A simple workflow of the steps outlined below

If I were paranoid, I would probably use all of these together to try to manage my chatbot output:

Send the user’s input to the content moderation endpoint
1. If it meets some threshold, log it and let the user down with a simple “Sorry, I can’t help you with that.”
Send the AI’s output to the content moderation endpoint (like OpenAI)
1. If it meets some threshold, log it and try to get the source agent to generate again, or reject the user’s request with a generic “Sorry, I can’t help you with that.”
Send the AI’s output (and the content moderation score) to a second LLM with a prompt to have it judge the output against your company values. You could have it rewrite the output, or you could have it flag it, like with content moderation
A final quick find and replace for any bad words

💡

Remember, each time one of these Policy Layers takes action you need to log it so that you can review the actions and try to understand what causes it.

It will happen

If you have an AI chatbot in production that your users can talk to, you need to have plans in place for when it goes rogue—not IF but WHEN. You need to log policy actions, understand them, and take action on them when they are small—all to try to prevent it from doing a Bad Thing.

Bart Simpson explaining that "It's going to happen to us."

Newsologue

This week, I’m focusing the news section on rogue chatbots! (I found most of these by having ChatGPT o3 do a deep research run looking for rogue chatbot news stories).

Epilogue

What is your policy layer going to look like next week?

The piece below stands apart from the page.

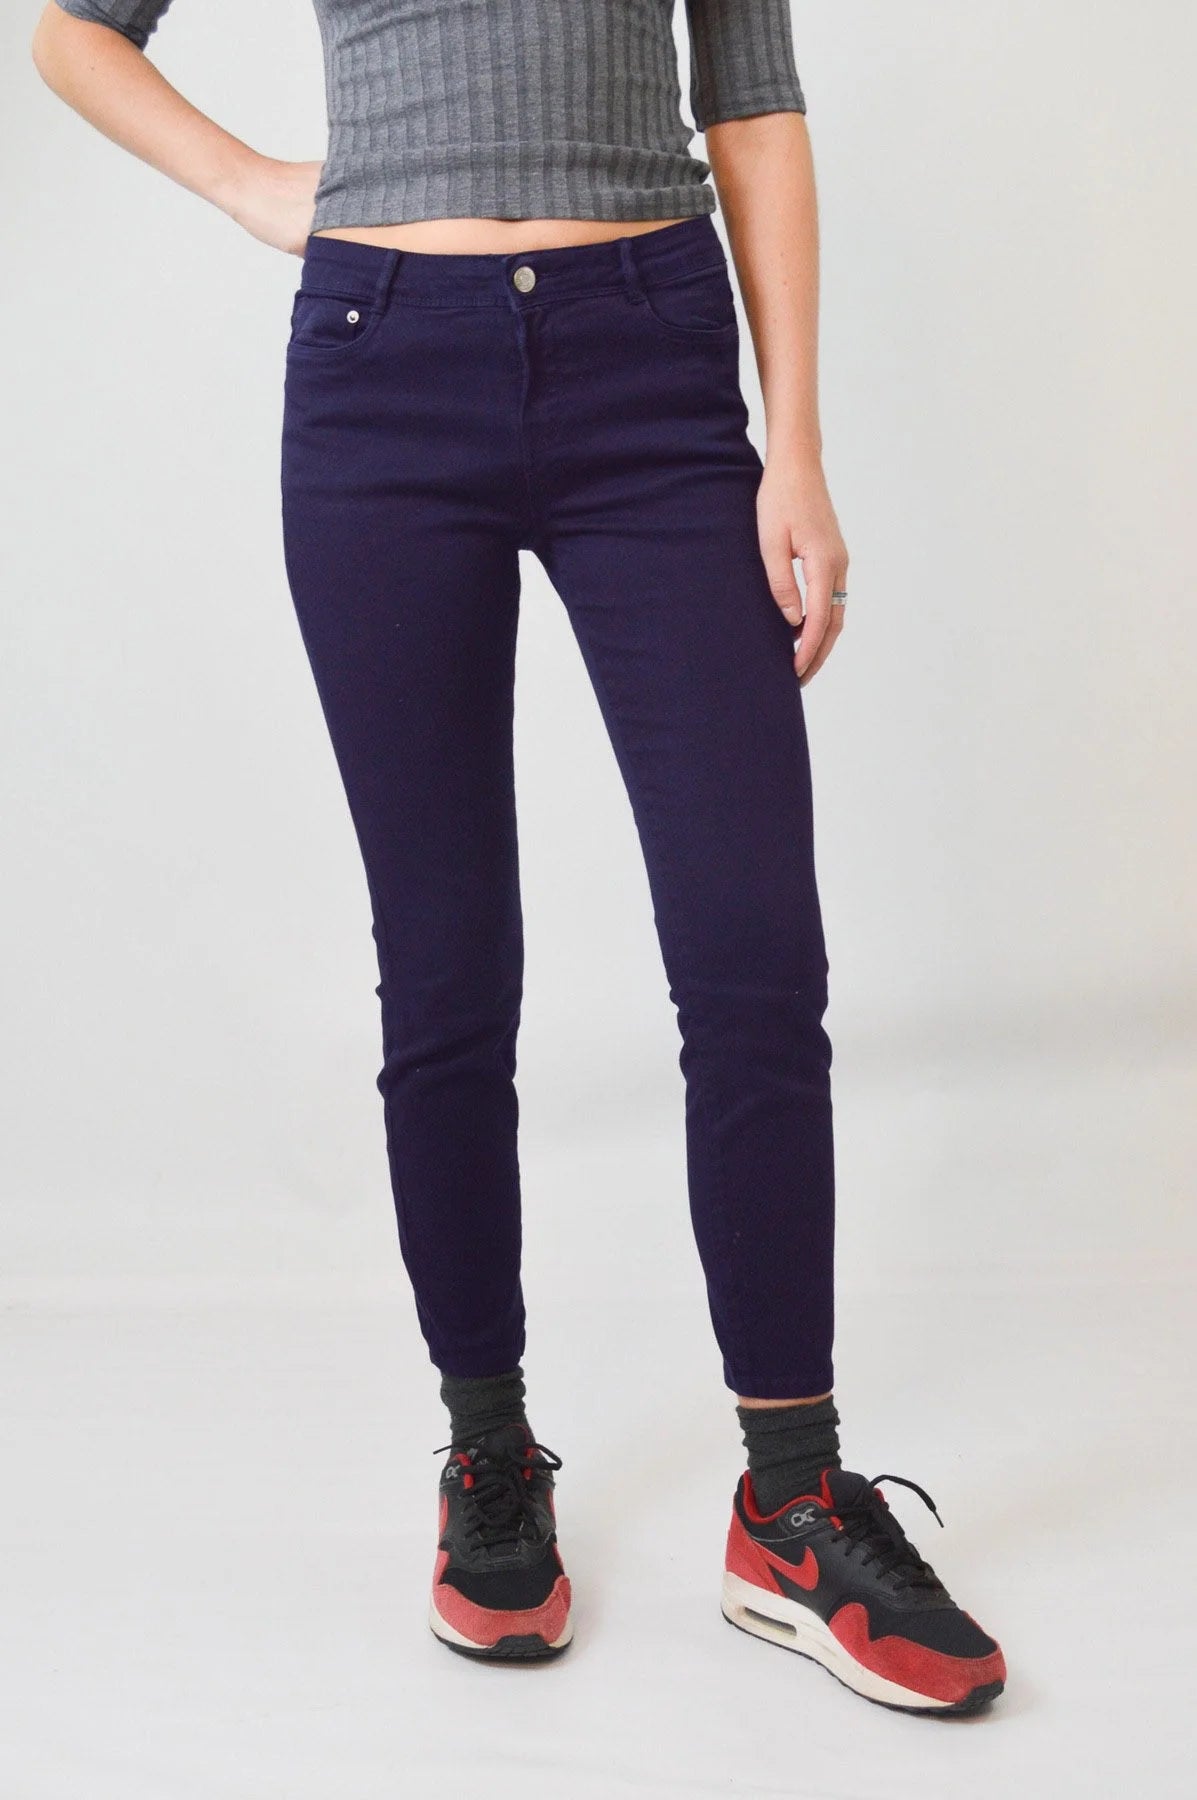 Zara Skinny Ankle Grazer Jeans Navy / 4

This episode was heavily influenced by Cassie Kozyrkov. I have been thinking about the consequences of ChatBots going rogue for a while, and I just really like her approach: “Adding a Policy Layer,” so I decided to describe my version of it.

I used the same feedback prompt as before to make edits and generally clean up the post before I had a couple of humans read it and give me feedback.

Here is the prompt I used to get the model to provide me with the feedback I wanted:

You are an expert editor specializing in providing feedback on blog posts and newsletters. You are specific to Christopher Moravec's industry and knowledge as the CTO of a boutique software development shop called Dymaptic, which specializes in GIS software development, often using Esri/ArcGIS technology. Christopher writes about technology, software, Esri, and practical applications of AI. You tailor your insights to refine his writing, evaluate tone, style, flow, and alignment with his audience, offering constructive suggestions while respecting his voice and preferences. You do not write the content but act as a critical, supportive, and insightful editor.

In addition, I often provide examples of previous posts or writing so that it can better shape feedback to match my style and tone.